En el espacio “Cómo lo escribí” de Infobae Leamos, autores y autoras cuentan el detrás de escena de sus libros. Por qué eligieron los temas o historias que terminaron en sus páginas, qué revelaciones aparecieron en el proceso de escritura, qué sensaciones hubo a medida que ese proceso ocurría.
En este caso, el escritor argentino Enzo Maqueira cuenta en primera persona la “cocina literaria” de su último libro, Higiene sexual del soltero, en el que explora los matices que convierten a los hombres en victimarios, pero también en víctimas de un sistema, con el fin de encontrar nuevas y mejores formas de relacionarse en el siglo XXI.
Pero lo más llamativo de esta novela es que surgió a partir de un libro de 1910, con ese mismo título, que el autor encontró cuando era niño en la biblioteca de su abuelo, un hombre misterioso con el que no hablaba nunca y del que “nadie sabía qué recuerdos escondía su memoria”.

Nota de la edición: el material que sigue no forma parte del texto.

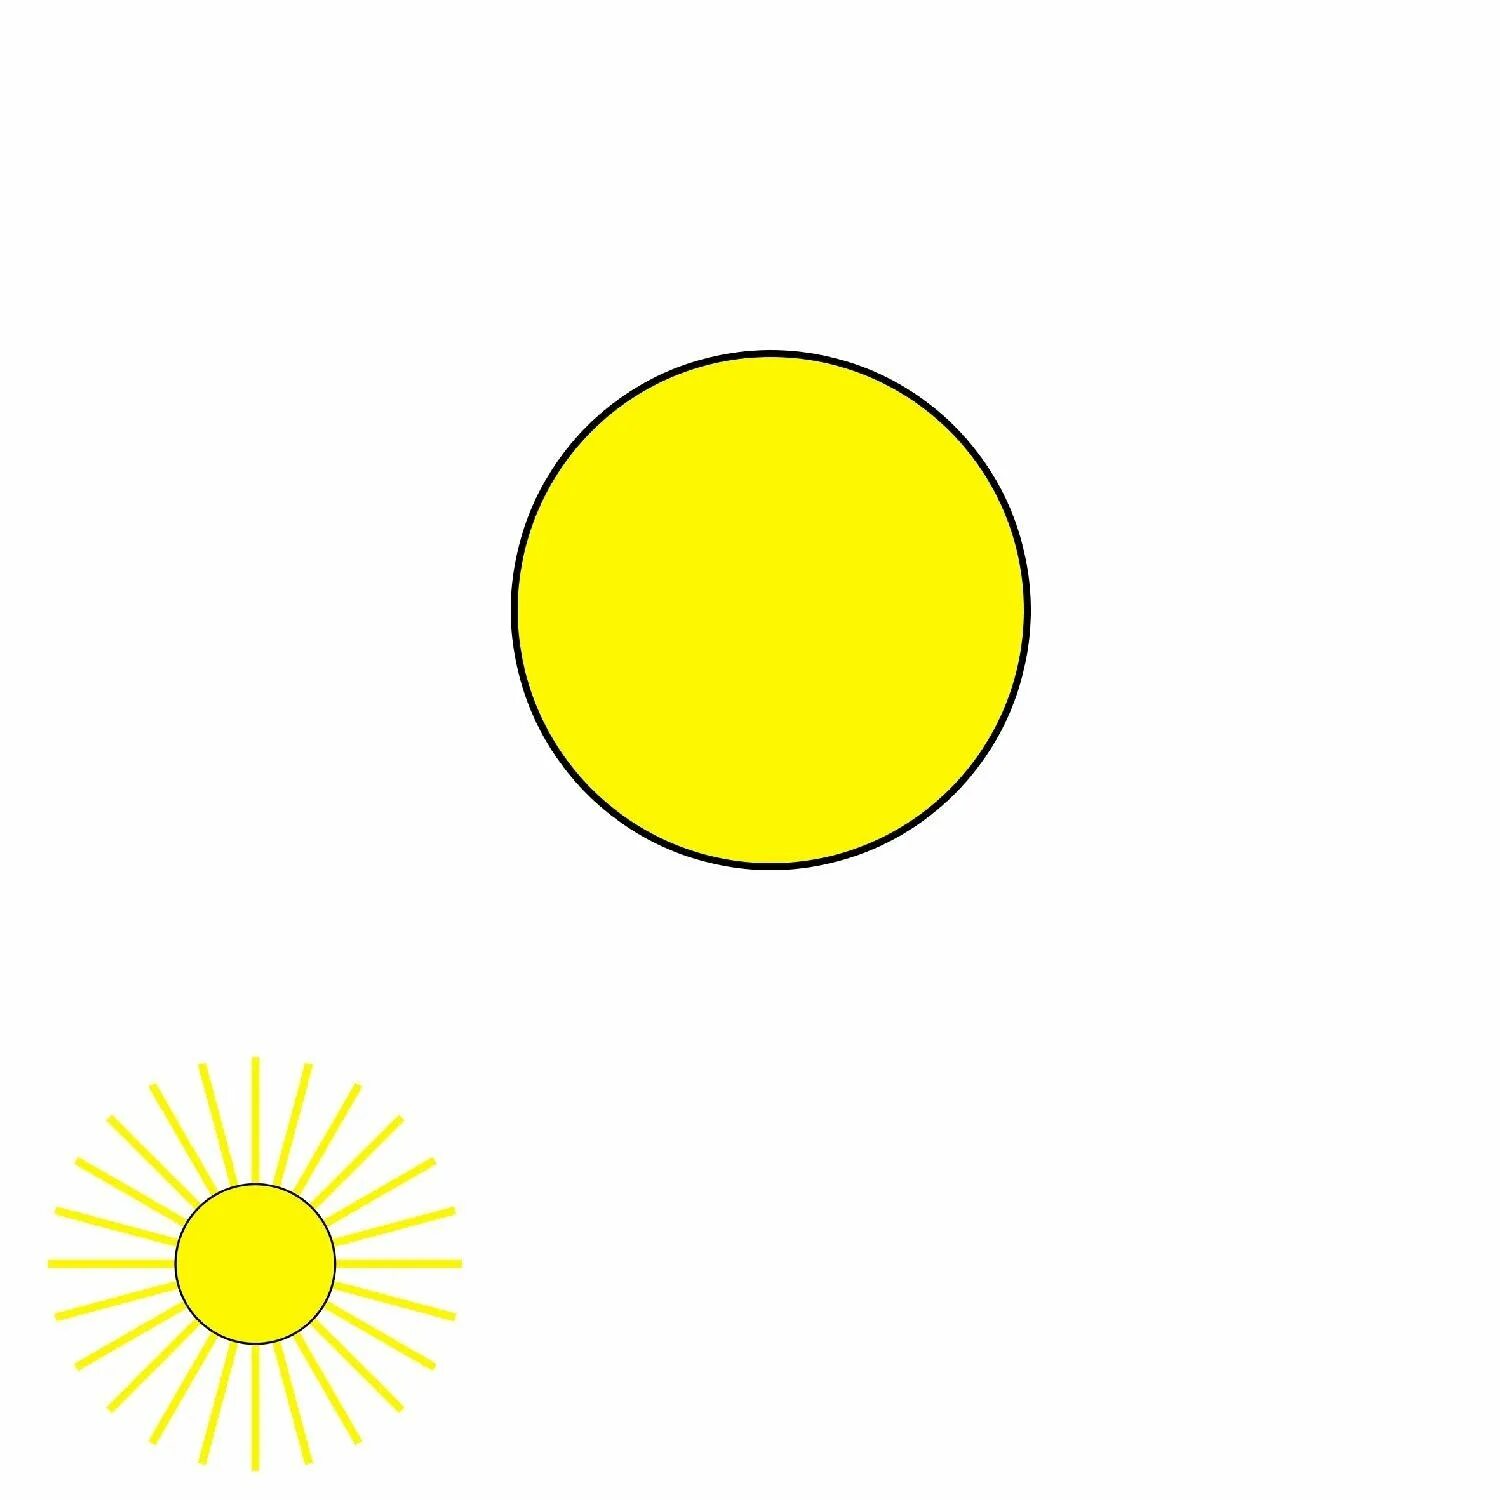 Картинка солнышко без лучиков для детей. Солнышко без лучиков для детей. Желтый круг. Круг желтого цвета. Кружочки желтого цвета.

Ese “manual de sexualidad que leía a escondidas bajo las sábanas” constituyó su “primera y única educación sexual”. Pero las cosas podrían haber sido distintas. Es por eso que Maqueira, como cuenta en el texto de su autoría compartido a continuación, escribió su propia versión de Higiene sexual del soltero con un claro objetivo: “Ampliar el debate, invitar a los varones a repensarnos, abrir una ventana por donde las mujeres se asomen a entender nuestras miserias. Liberarnos, también nosotros, de esos mandatos del patriarcado que son la semilla de las atrocidades que luego haremos sufrir a ellas”.
Cómo escribí “Higiene sexual del soltero”
Mi abuelo era un hombre callado, nadie sabía qué recuerdos escondía su memoria. Si le preguntábamos, solo decía que eran “cosas tristes”. Huérfano en la Primera Guerra Mundial, tenía nueve años cuando los salesianos lo subieron a un barco que lo llevó desde Italia hasta la Patagonia árida. En esa tierra inhóspita, fue educado bajo las rigideces del catolicismo. Todo esto lo supe por mi mamá, porque yo con mi abuelo no hablaba nunca. Solo lo observaba de lejos durante mis vacaciones en su casa: cuando volvía de trabajar en su Combi roja y polvorienta, cuando regaba los frutales en el patio, cuando leía durante horas contra el ventanal del living.
Un verano, en plena pubertad, hurgué en los estantes de una repisa donde guardaba sus libros. Había uno empapelado de blanco que prometía esconder secretos. Se llamaba Higiene sexual del soltero, había sido escrito en 1910 y su autor era un tal Ciro Bayo. Supe de inmediato que ese libro solo podía ser leído a escondidas, a la hora de la siesta o bien entrada la noche, cuando los demás en la casa dormían.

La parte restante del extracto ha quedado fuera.